**YOUR TASK:** Transcribe the listing underneath, keeping each word exact and omitting the images.

**SUPPLIED DATA:**
-------

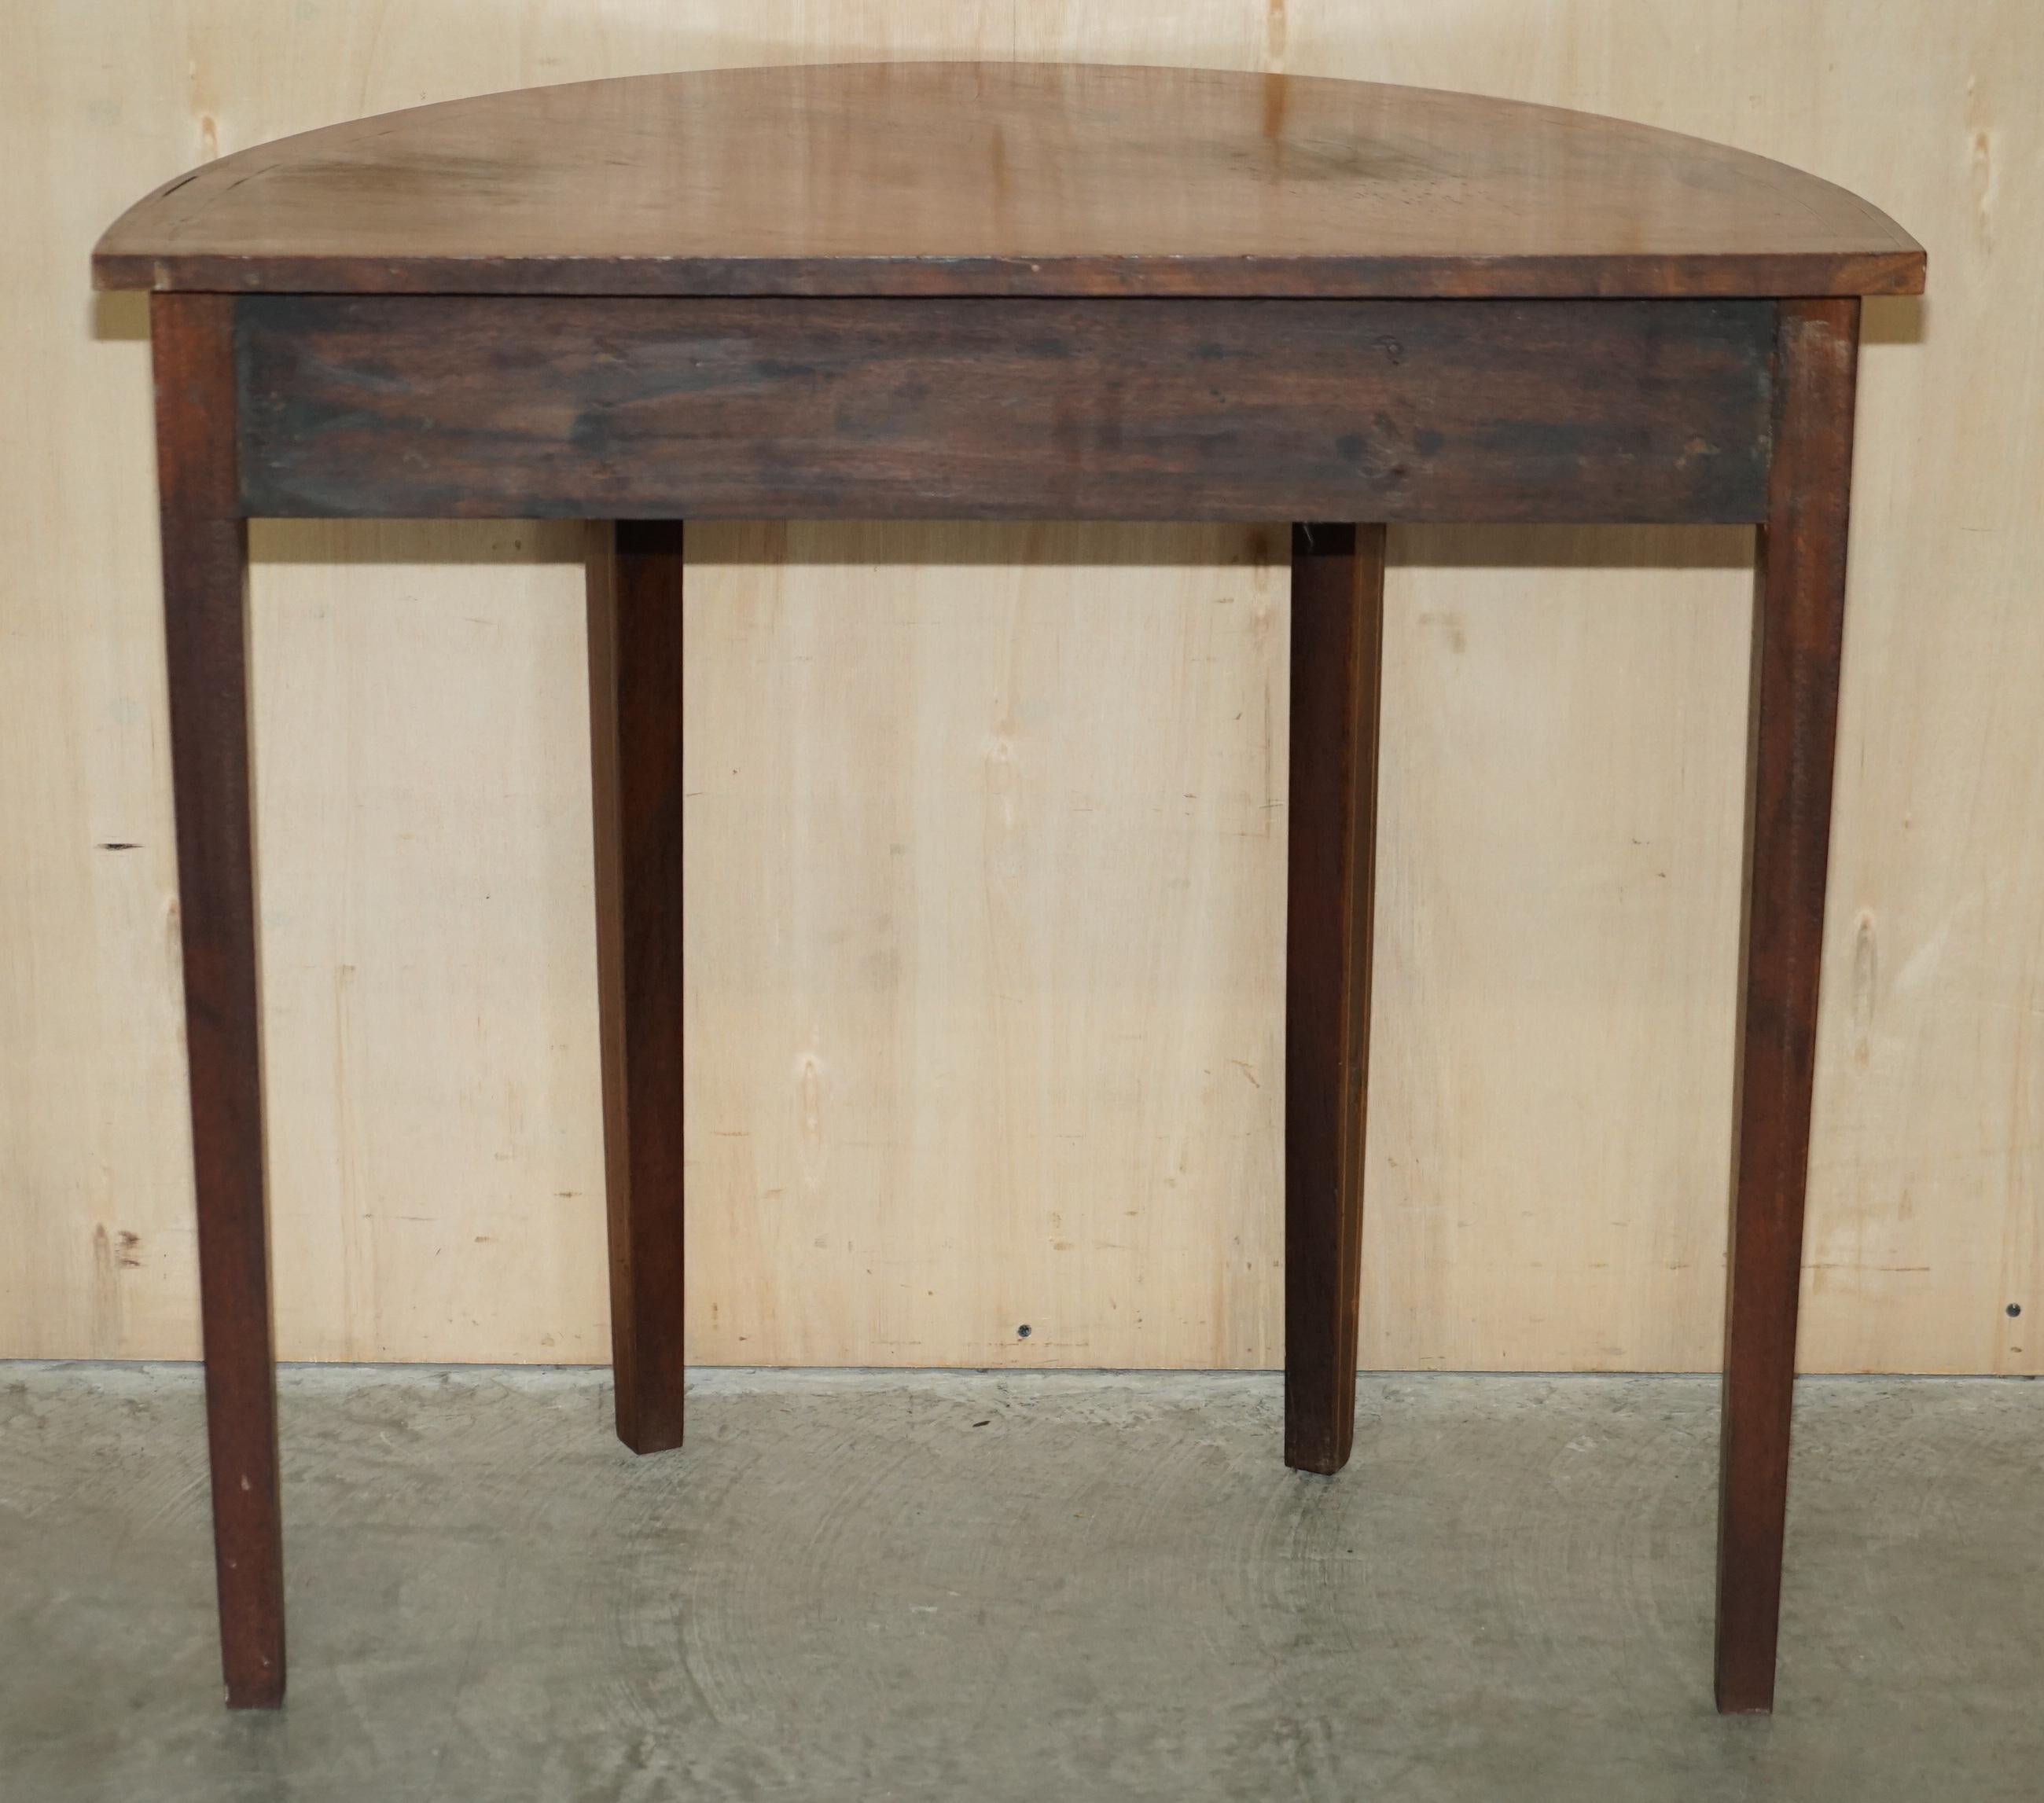 ANTIQUE ViCTORIAN HARDWOOD & WALNUT DEMI LUNE HALF MOON ONE DRAWER CONSOLE TABLE For Sale 3
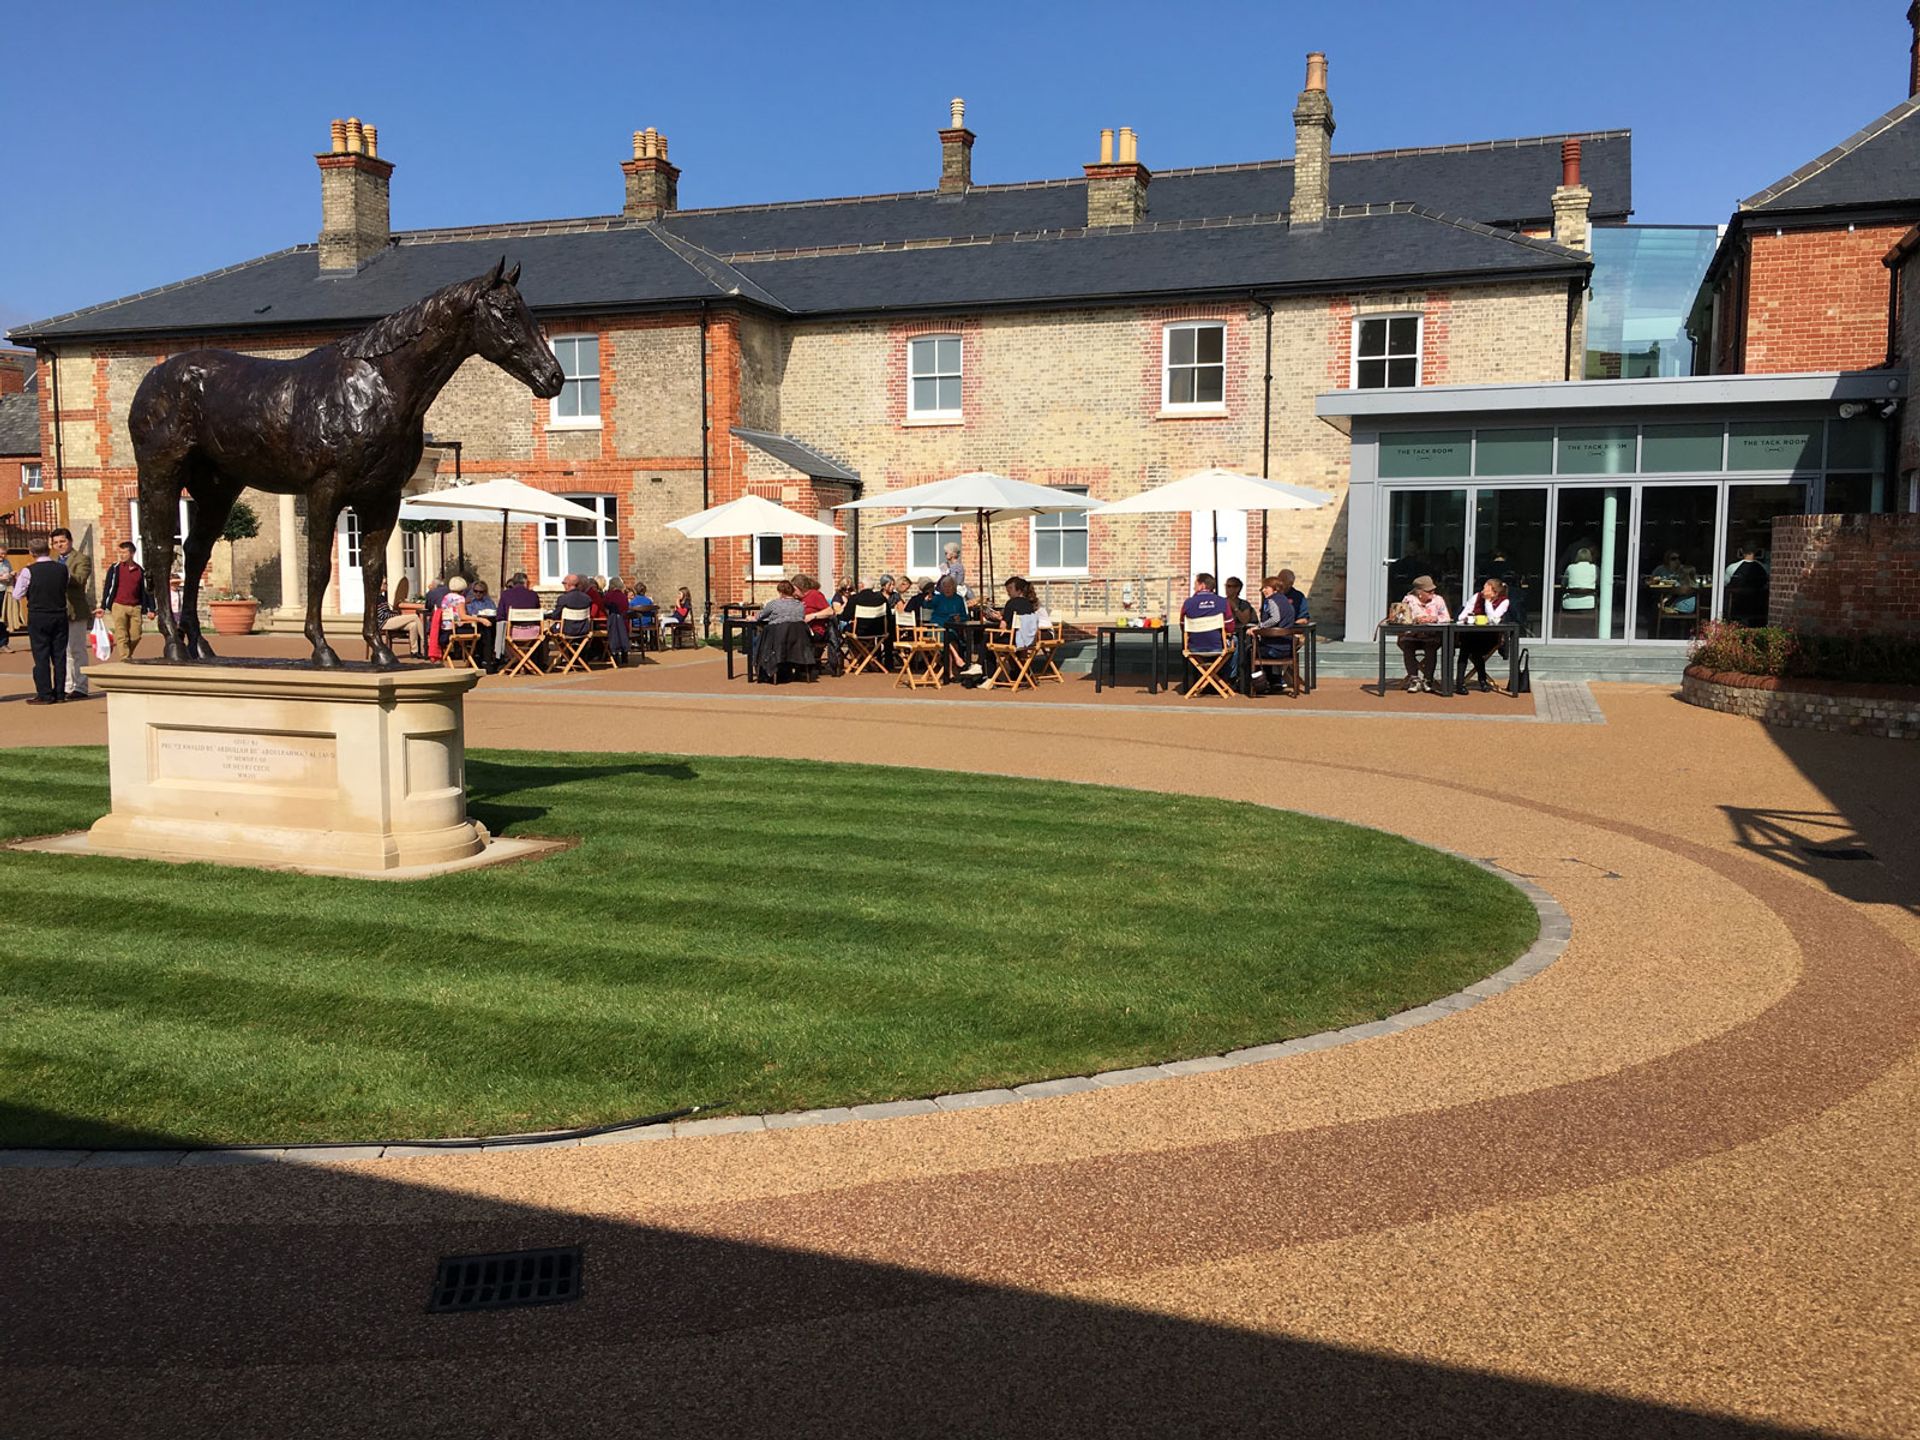 The courtyard at the the National Heritage Centre for Horseracing & Sporting Art in Newmarket © Courtesy of the National Heritage Centre for Horseracing & Sporting Art
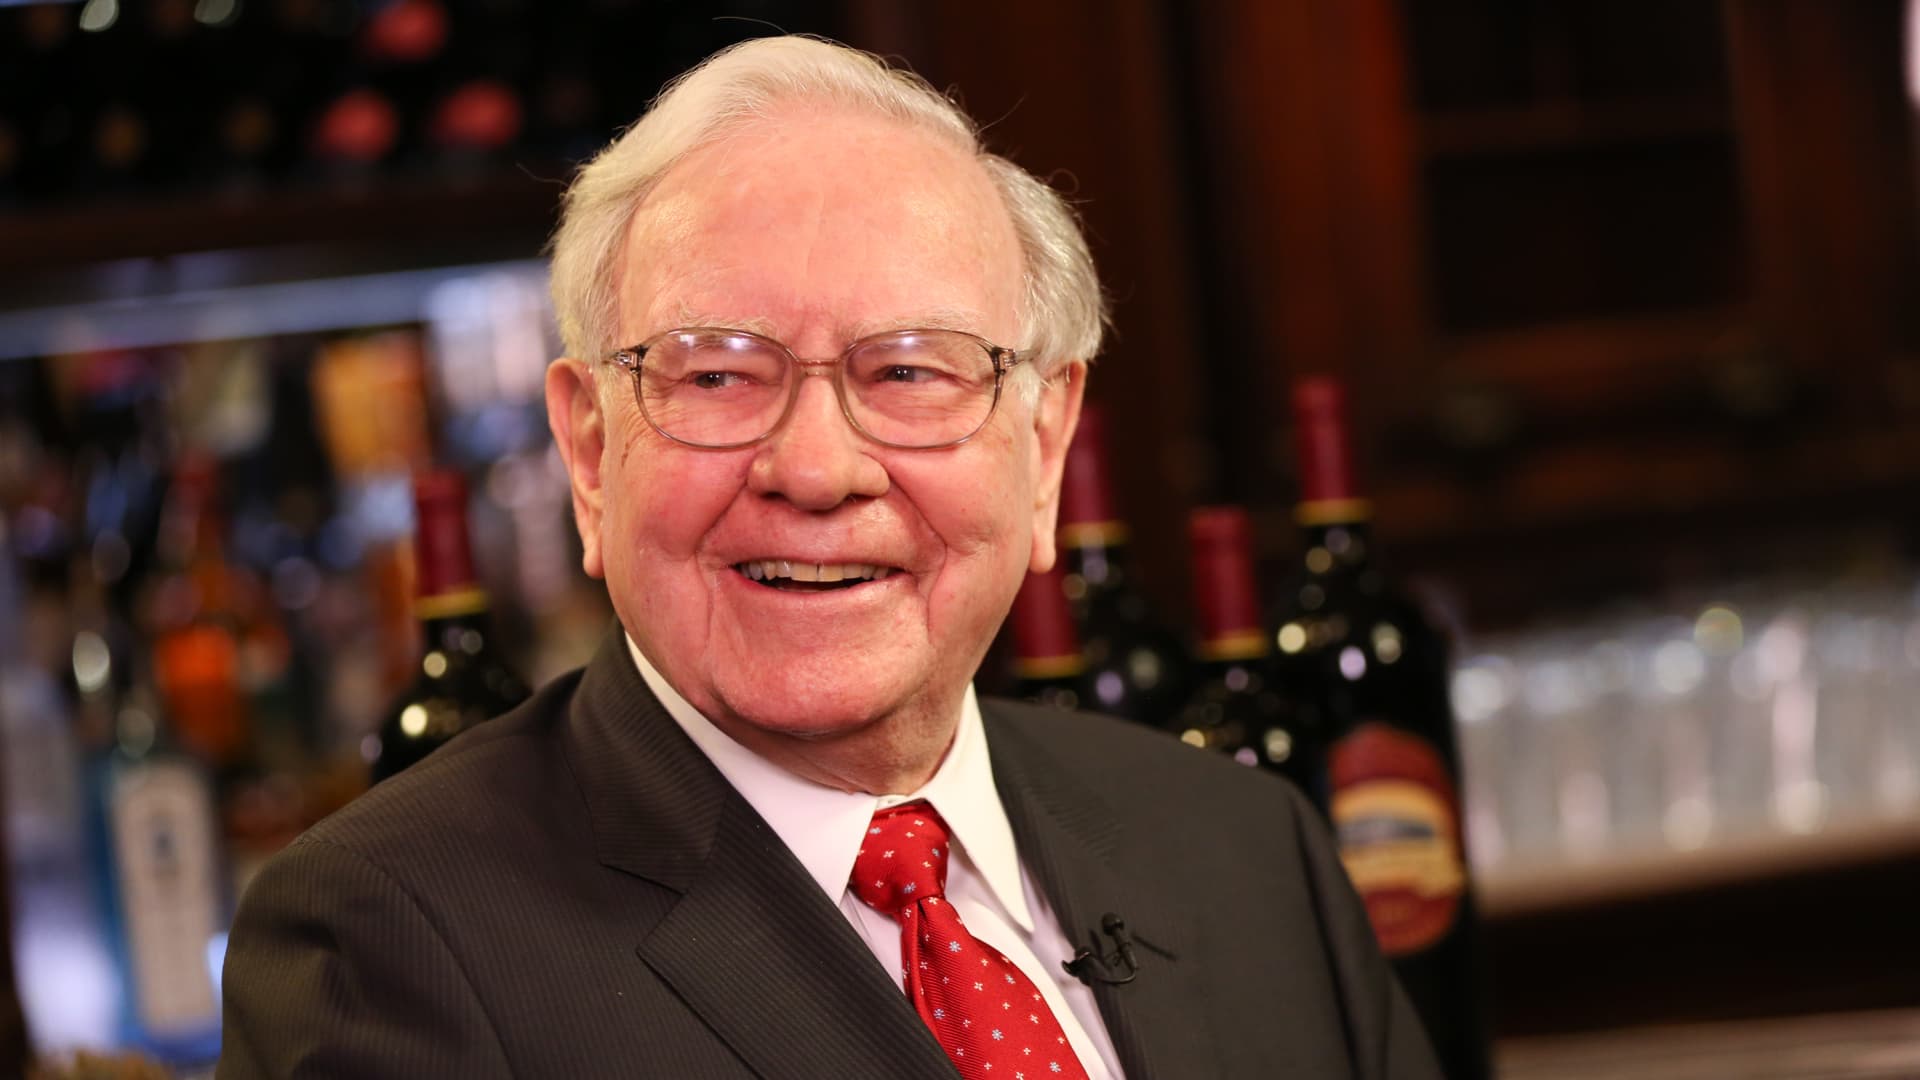 Warren Buffett’s Berkshire Hathaway has been a fortress stock during recessions and bear markets. Here’s how

-------

**EXERCISE RESULT:**
 ANTIQUE ViCTORIAN HARDWOOD & WALNUT DEMI LUNE HALF MOON ONE DRAWER CONSOLE TABLE For Sale 3
 The courtyard at the the National Heritage Centre for Horseracing & Sporting Art in Newmarket © Courtesy of the National Heritage Centre for Horseracing & Sporting Art
 Warren Buffett’s Berkshire Hathaway has been a fortress stock during recessions and bear markets. Here’s how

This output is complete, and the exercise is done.